Cost-Effectiveness and Budget Impact Analysis of Upadacitinib for the Treatment of Moderate-to-Severe Active Crohn's Disease in Greece
Author(s)
Vellopoulou K1, Lioliou K2, Papantoniou P3, Kotsis I4
1Econcare LP, Athens, Greece, 2Econcare LP, Athens, A1, Greece, 3AbbVie Hellas, Athens, Greece, 4AbbVie Hellas, Athens, Iraklio, Greece
Presentation Documents
OBJECTIVES: This study aims to assess the cost-effectiveness and budget impact (BI) of Upadacitinib (UPA) compared to other biologics for treating moderate-to-severe active Crohn's Disease (aCD) in Greece. The assessment considers biologic-naïve patients (CCF) and biologic-experienced patients (BF).
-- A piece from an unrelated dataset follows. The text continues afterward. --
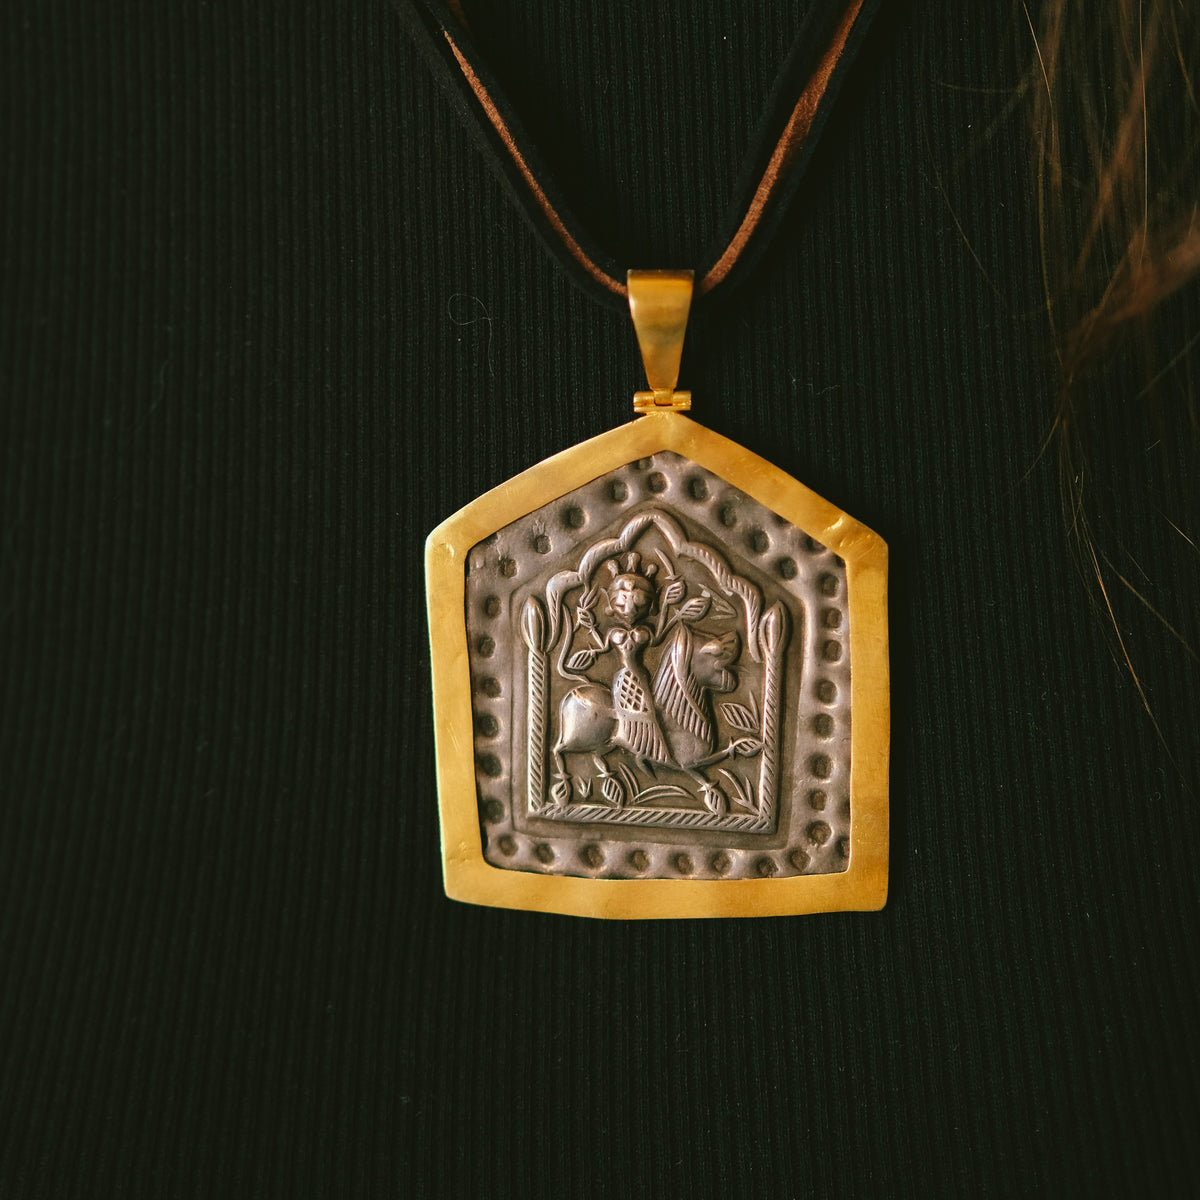 Antiguo amuleto en plata de India, representando a la diosa Durga montando sobre un león, enmarcado posteriormente en oro. Durga es la Diosa madre suprema del hinduismo, y fiera guerrera que protege al portador. Esta montado con 2 cueros y cierre de plata chapada. Originalmente lo usan hombres y mujeres por igual, colgando de un simple cordón. Medidas del colgante 7´5x 5 cm. Peso 23 g. Old silver amulet framed in gold from India. Durga amulet.
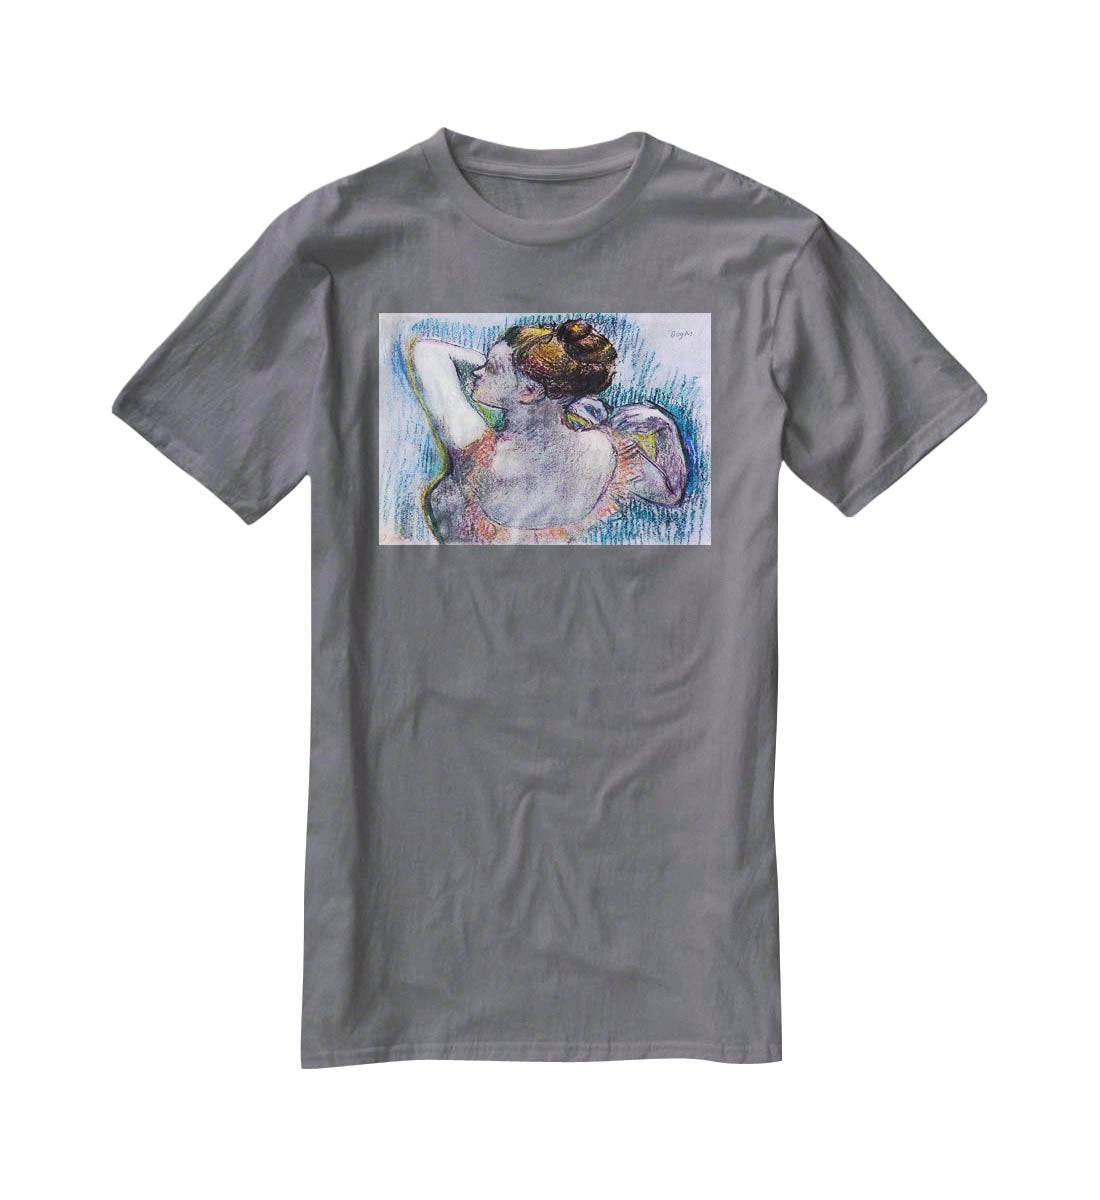 Dancer 1 by Degas T-Shirt - Canvas Art Rocks - 3

METHODS: A cost-effectiveness model (CEM) incorporating a decision tree for the induction period and a 60-year Markov model for the maintenance period was adapted to compare UPA versus Adalimumab (ADA), Ustekinumab (UST), Vedolizumab (VDZ), Infliximab (IFX) in CCF, and versus ADA, UST, and VDZ in BF, from the Greek payer perspective (EOPYY). Induction clinical efficacy data were derived from UPA trials (U-EXCEL, U-EXCEED); maintenance and comparator efficacy data were sourced from a network meta-analysis. Utilities and adverse event rates were obtained from the literature. Local up-to-date direct medical costs were used (EUR, 2023). Health outcomes were measured in quality-adjusted life years (QALY). An incremental and a pairwise analysis (UPA versus UST) resulting to an incremental cost-effectiveness ratio (ICER) were conducted. In the five-year BI model (BIM), epidemiology data from the literature indicated that the total number of patients with moderate-to-severe aCD in Greece would increase from 3,912 (Year 1) to 4,755 (Year 5). Two market scenarios were compared: the current market, where UPA is not reimbursed for aCD in Greece, and the projected market, where UPA's penetration increases from 4% to 8% over five years.
RESULTS: In CCF, UPA was dominated by IFX-biosimilar, whereas, in BF versus UST, it would yield 0.105 additional QALYs and €2,314 additional costs, with an ICER of €22,004/QALY gained. The BIA results showed that introducing and progressively utilising UPA in the moderate-to-severe aCD patients market would increase EOPYY budget by €964,644 over five years.
CONCLUSIONS: UPA is a cost-effective treatment option for managing BF patients with moderate-to-severe aCD. Its insignificant budget impact increase would ensure viability within the Greek healthcare system.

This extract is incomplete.